Translated fromKorean

연결음성 인식의 검색방법How to Find Connected Speech Recognition

본 내용은 요부공개 건이므로 전문내용을 수록하지 않았음Since this is a trivial issue, I did not include the contents of the text.

제3도는 본 발명 연결음성 인식의 검색동작을 설명을 위한 개략적인 흐름도.FIG. 3 is a schematic flowchart for explaining a search operation of connected speech recognition according to the present invention; FIG.

제4도는 본 발명에 있어서, 경로를 제거하는 동작을 설명하기 위한 구조도.FIG. 4 is a structural view for explaining an operation of removing a path in the present invention; FIG.

Claims

Translated fromKorean

T프레임의 음성이 입력되면 특징을 추출하고 근사단어열을 찾은 다음 그 근사단어열에 대해 인식과정을 통하여 평균유사도(Psc)를 구하는 제1단계와; 이후, 비터비 인식과정을 첫번째 프레임부터 소정프레임(S)까지 진행하면서 그 때까지 검색된 경로의 정합유사도를 상기 평균유사도(Psc)와 비교하여 평균유사도(Psc)보다 적은 경로를 제거하으로서 근사단어열을 인식하는 제2단계와; 상기 제2단게의 반복수행 결과 입력 음성의 마지막 프레임까지 비터비 인식과정이 완료되면 제거되지 않은 경로중에서 유사도가 최대인 경로를 구하고, 단어열 역 추적과정을 통해 그 경로상에서 비교된 단어열을 찾아 인식된 문장으로 출력하는 제3단계로 이루어진 것을 특징으로 하는 연결음성 인식의 검색방법.A first step of extracting a feature when a voice of a T frame is input, finding an approximate word string, and obtaining an average similarity degree (Psc) through a recognition process on the approximate word string; Thereafter, the Viterbi recognition process proceeds from the first frame to the predetermined frame S, and the matching similarity degree of the retrieved path up to that time is compared with the average similarity degree Psc to eliminate paths shorter than the average similarity degree Psc, A second step of recognizing the heat; When the Viterbi recognition process is completed up to the last frame of the input speech as a result of the second iteration, a path having the maximum similarity among the paths that have not been removed is found, and a word sequence And outputting the recognized sentence as a recognized sentence.
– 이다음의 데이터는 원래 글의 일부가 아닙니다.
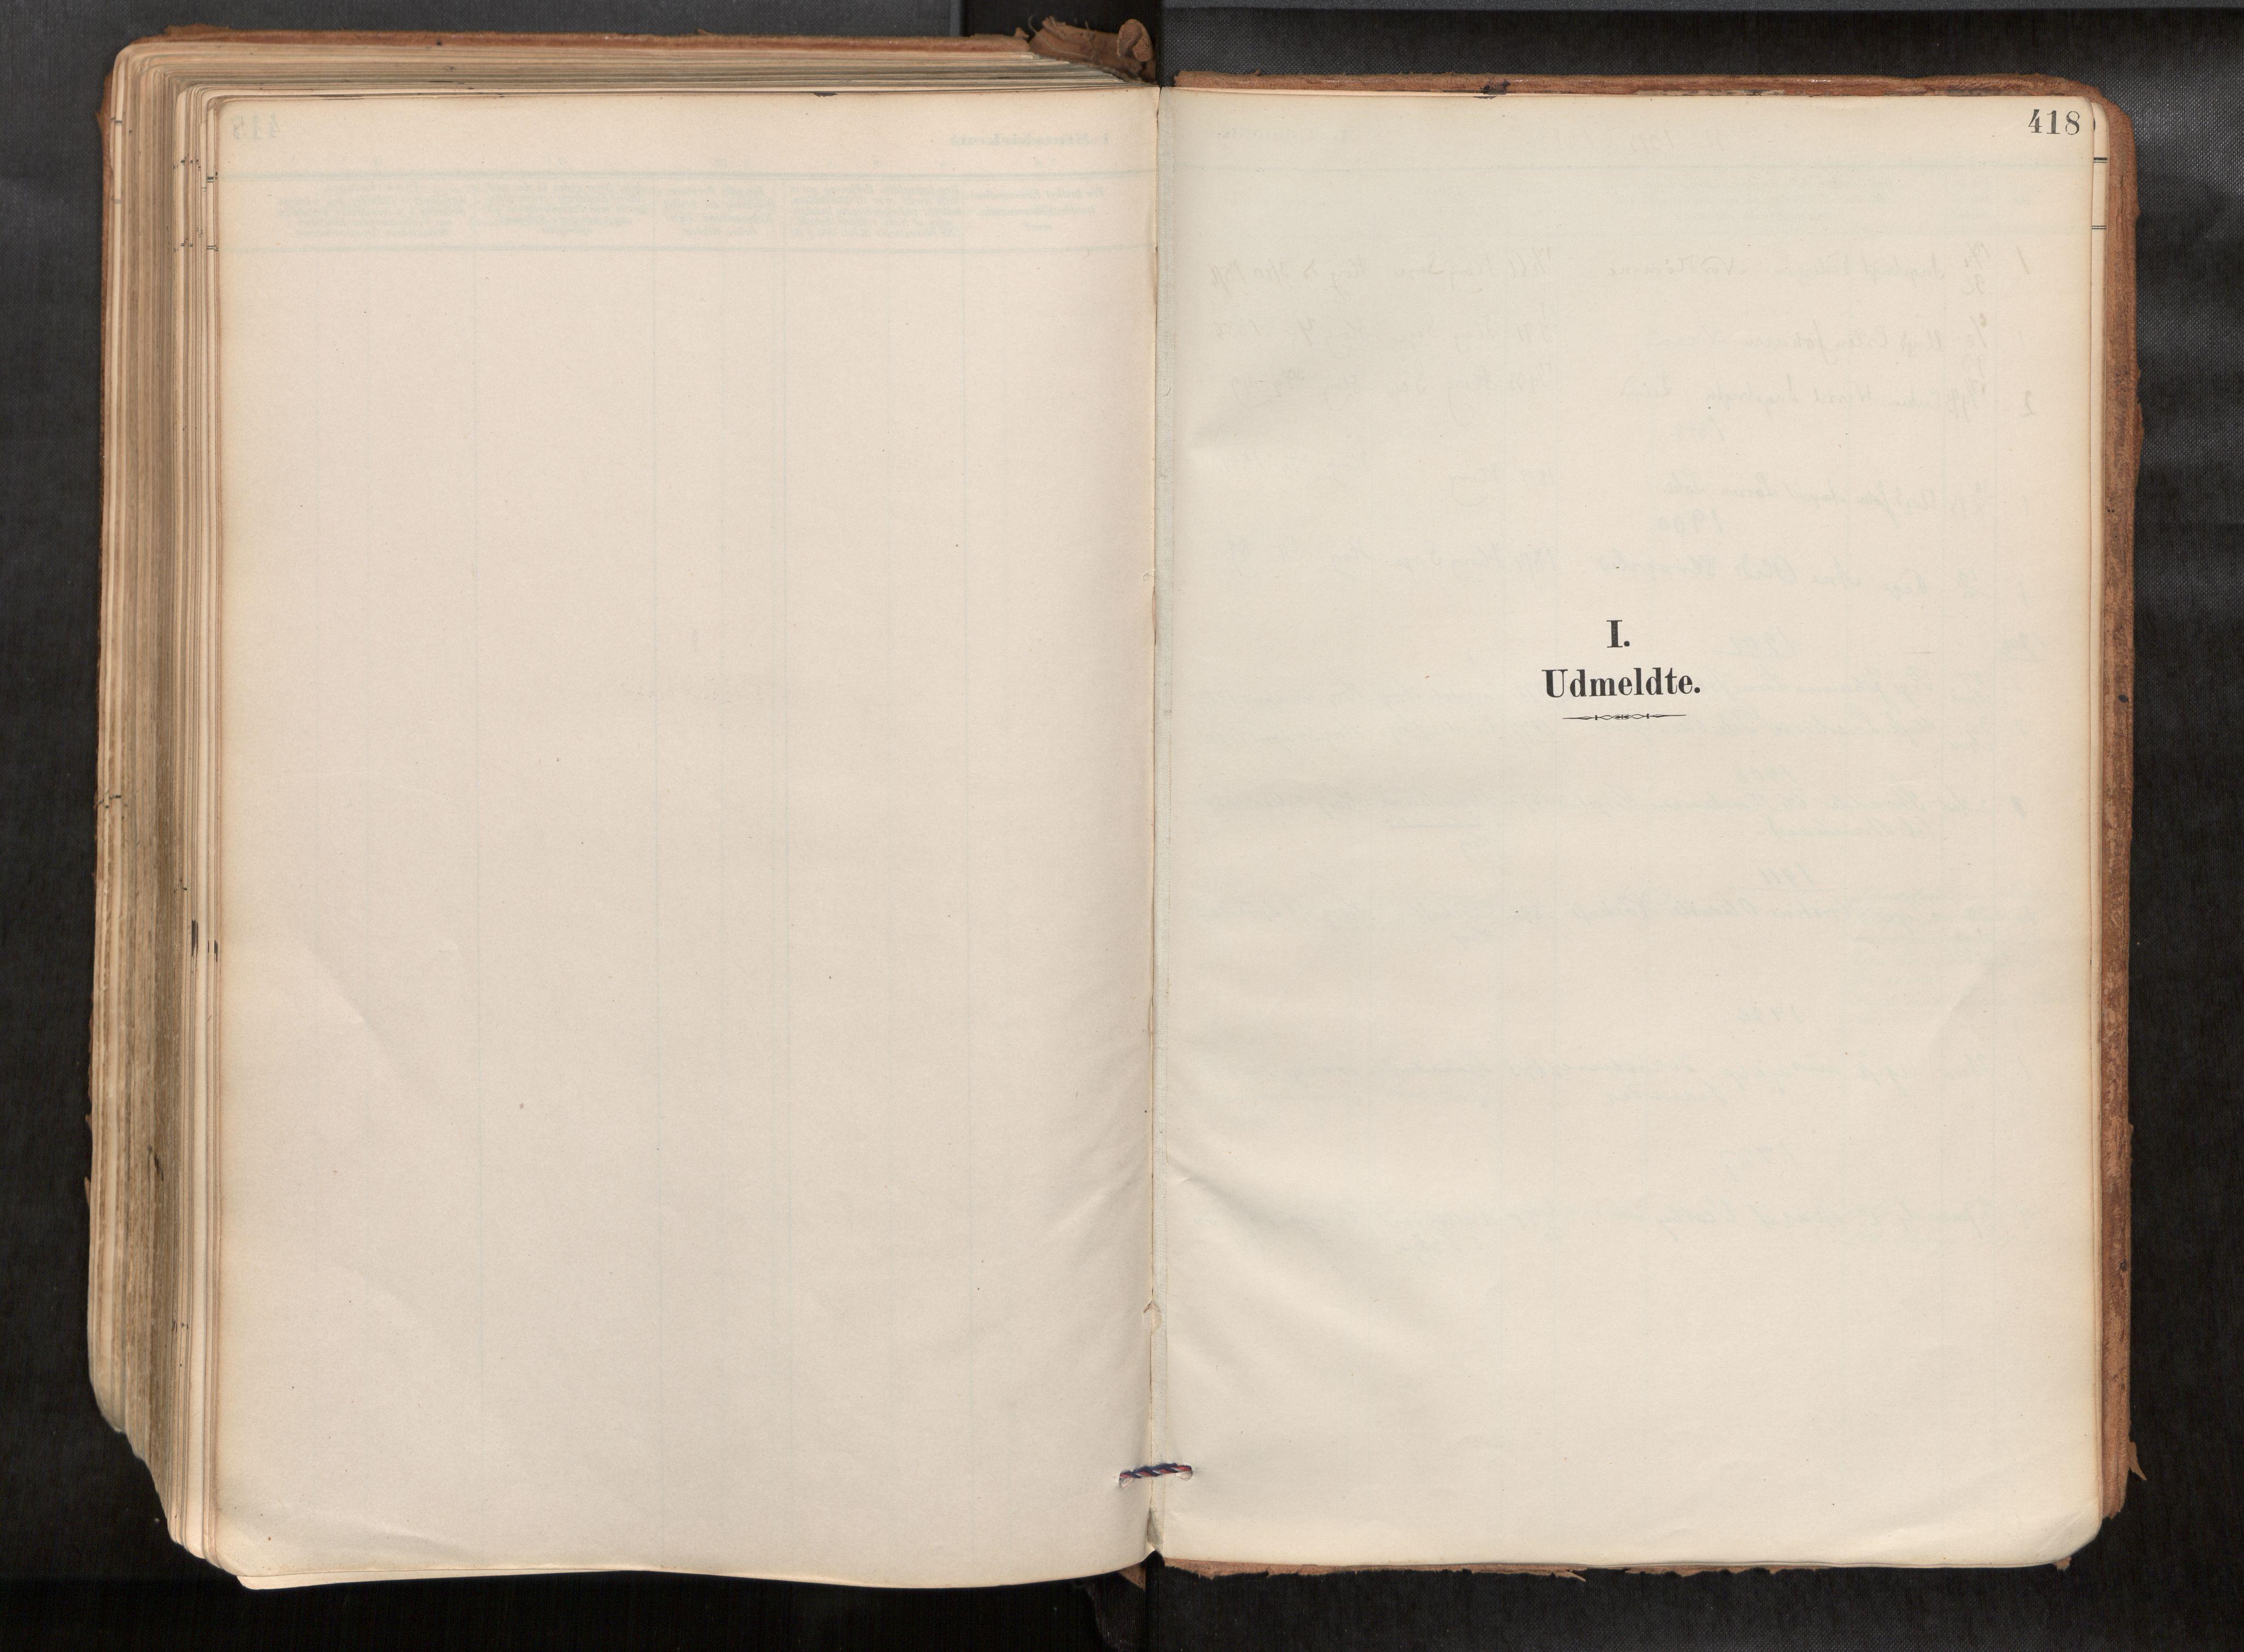 SAT, Ministerialprotokoller, klokkerbøker og fødselsregistre - Sør-Trøndelag, 692/L1105b: Parish register (official) no. 692A06, 1891-1934, p. 418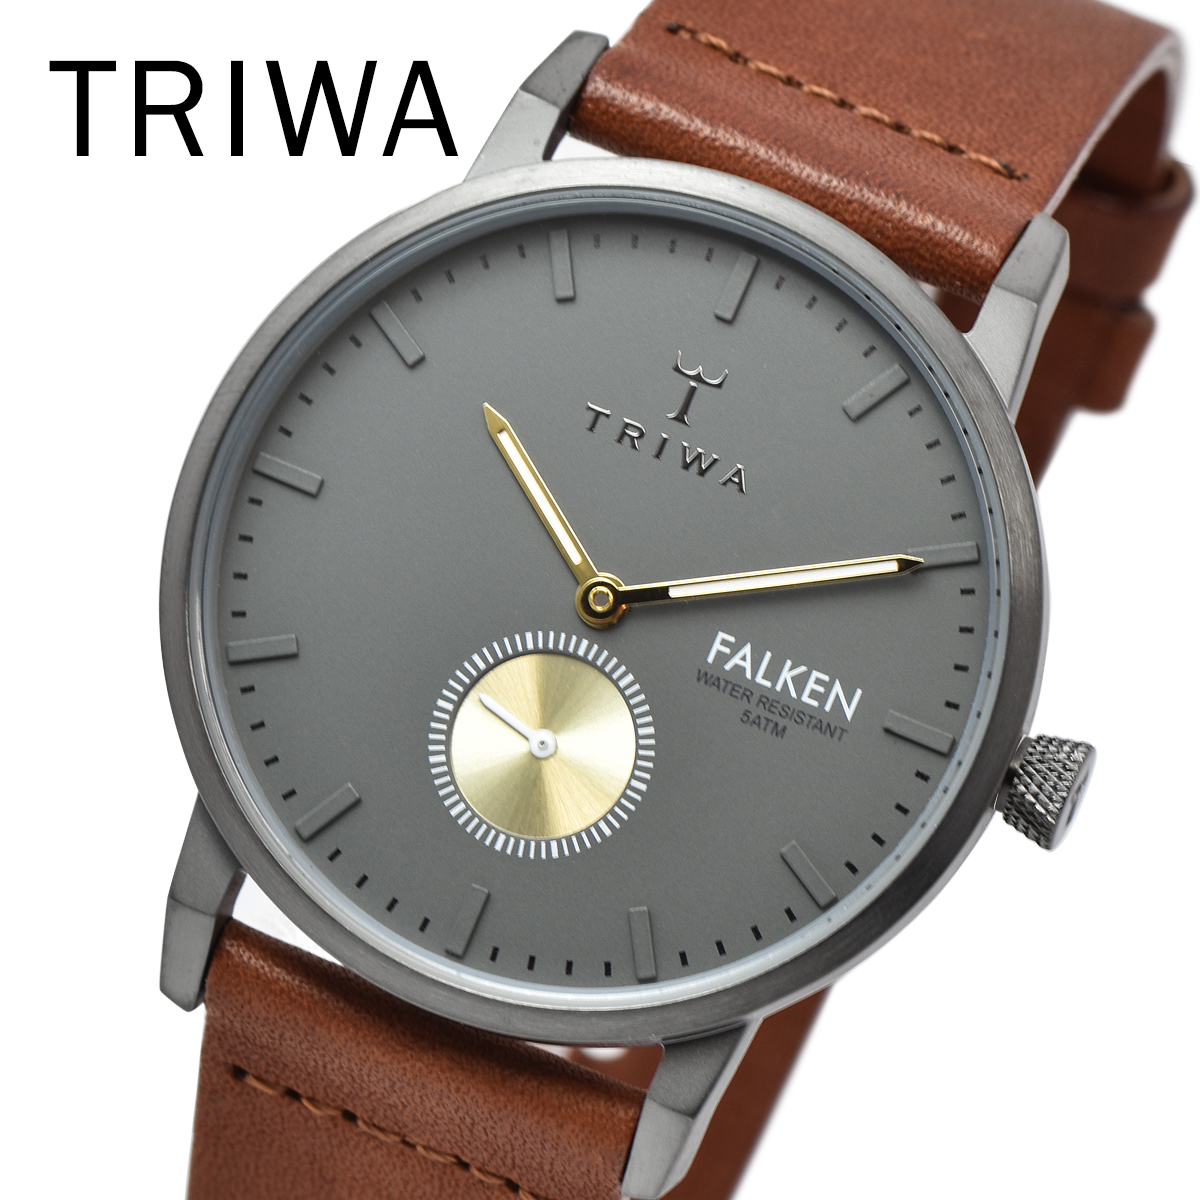 TRIWA トリワ FAST102-CL010213 WALTER FALKEN BROWN メンズ レディース ユニセックス 時計 腕時計 プレゼント 贈り物 ギフト 彼氏 フォーマル カジュアル ペアウォッチ 北欧 特価[あす楽]

제1항에 있어서, 근사단어열 인식방법은 훈련음성으로부터 양자화 설계과정을 거쳐 벡터양자기를 구하고, 각 단어에 대해 자주 발생하는 코드워드를 N개 구하며, 각 단어에 대한 음성의 최소 길이와 최대 길이를 저장하는 제1단계와; 제1단계와 같은 상태에서 음성이 입력되면 먼저, 특징을 추출하고 양자화 한다음 입력에 대한 상기 양자화된 코드워드와 각 코드워드로 양자화 할 때의 오차로부터 입력음성에 근사적으로 맞는 단어열을 선택하는 제2단계로 이루어진 것을 특징으로 하는 연결음성 인식의 검색방법.2. The method of claim 1, wherein the approximate word sequence recognition method comprises: obtaining a vector quantizer from a training speech through a quantization design process; calculating N codewords frequently occurring for each word; calculating a minimum length and a maximum length The method comprising: If a speech is input in the same state as the first step, the feature is first extracted and quantized. A word string that is approximately matched to the input speech is selected from the quantized codeword for the sound input and the error when quantizing the codeword into each codeword And a second step of searching for the connected speech recognition.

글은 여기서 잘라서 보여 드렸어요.